India, which has been the largest regional contributor to Afghan reconstruction, has not shown an inclination to pursue a deeper defence relationship with Kabul, a latest Congressional report has said.
"India has been the largest regional contributor to Afghan reconstruction, but New Delhi has not shown an inclination to pursue a deeper defense relationship with Kabul," the Congressional Research Service (CRS) has said in its latest report on Afghanistan.
The CRS report, titled "Afghanistan: Background and US Policy In Brief", came days ahead of President Donald Trump's scheduled meetings with the prime ministers of India and Pakistan -- Narendra Modi and Imran Khan.

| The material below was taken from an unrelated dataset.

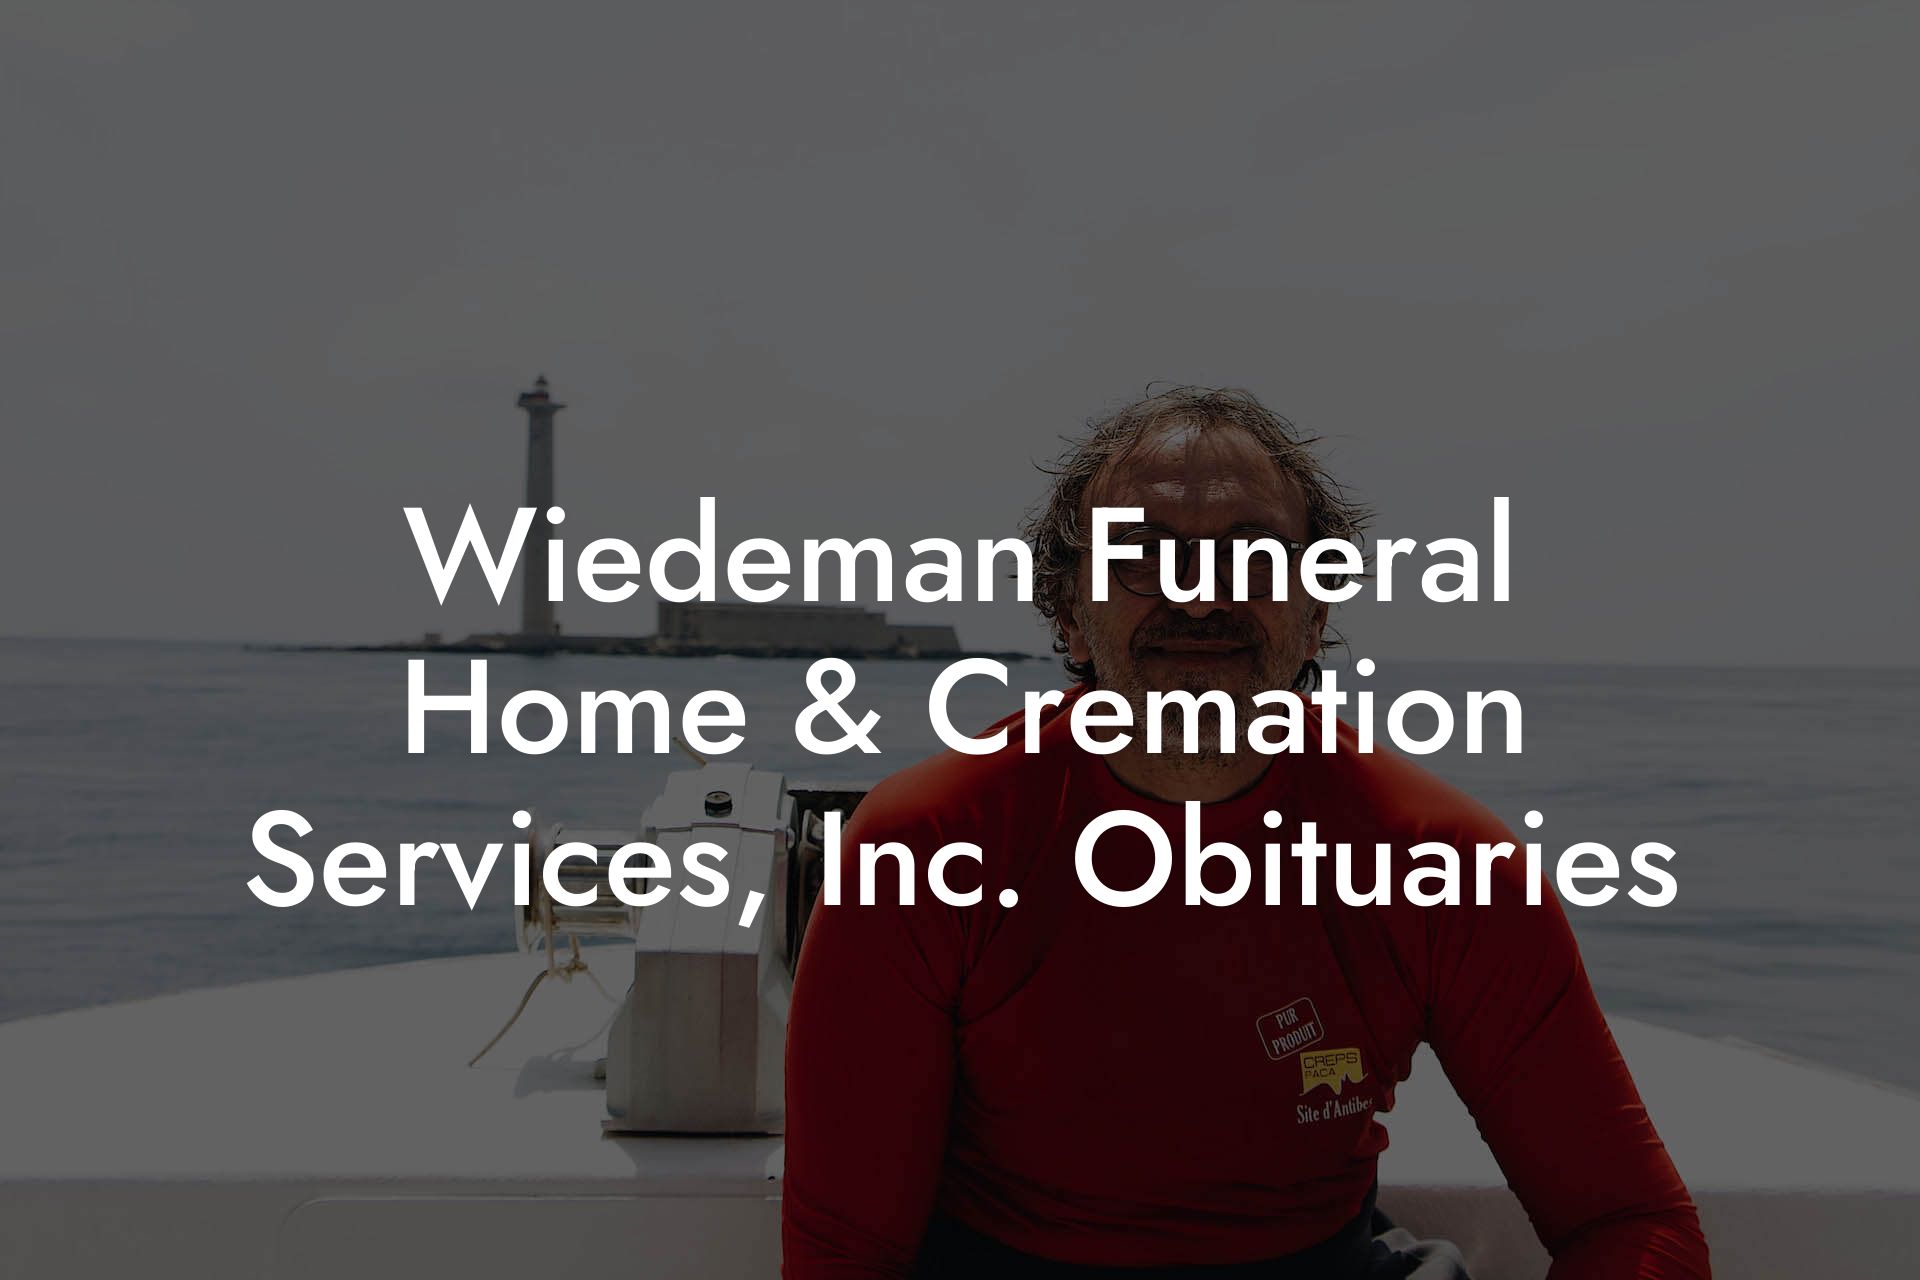 Wiedeman Funeral Home & Cremation Services, Inc. Obituaries
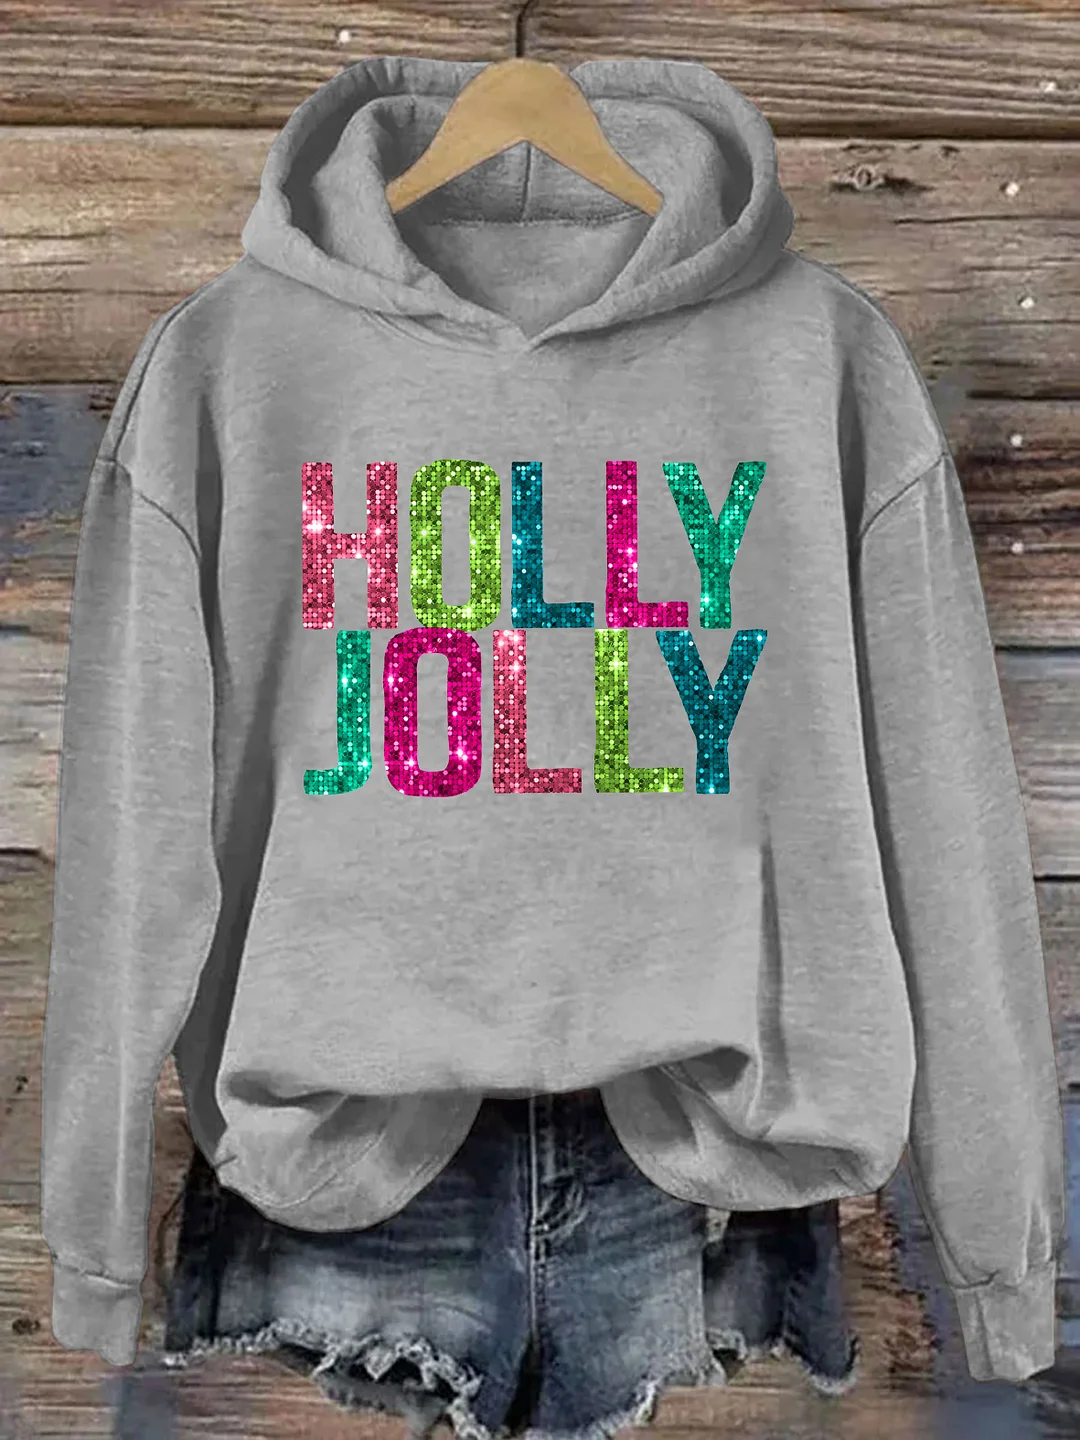 Holly Jolly Hoodie

On the eve of the Trump-Modi meeting in New York, External Affairs Minister S Jaishankar had a meeting with the Special US Representative on Afghanistan, Zalmay Khalilzad, on Monday.
According to CRS, Trump has encouraged India to play a greater role in Afghanistan's economic development.
"This, along with other administrative messaging, has compounded Pakistani concerns over Indian activity in Afghanistan," it said.
CRS is an independent research wing of the US Congress, which prepares periodic reports on issues of interest for lawmakers to take informed decisions.
"Pakistan's security establishment, fearful of strategic encirclement by India, apparently continues to view the Afghan Taliban as a relatively friendly and reliably anti-India element in Afghanistan.
"India's diplomatic and commercial presence in Afghanistan -- and US rhetorical support for it -- exacerbates Pakistani fears of encirclement. Indian interest in Afghanistan stems largely from India's broader regional rivalry with Pakistan, which impedes Indian efforts to establish stronger and more direct commercial and political relations with Central Asia," it said.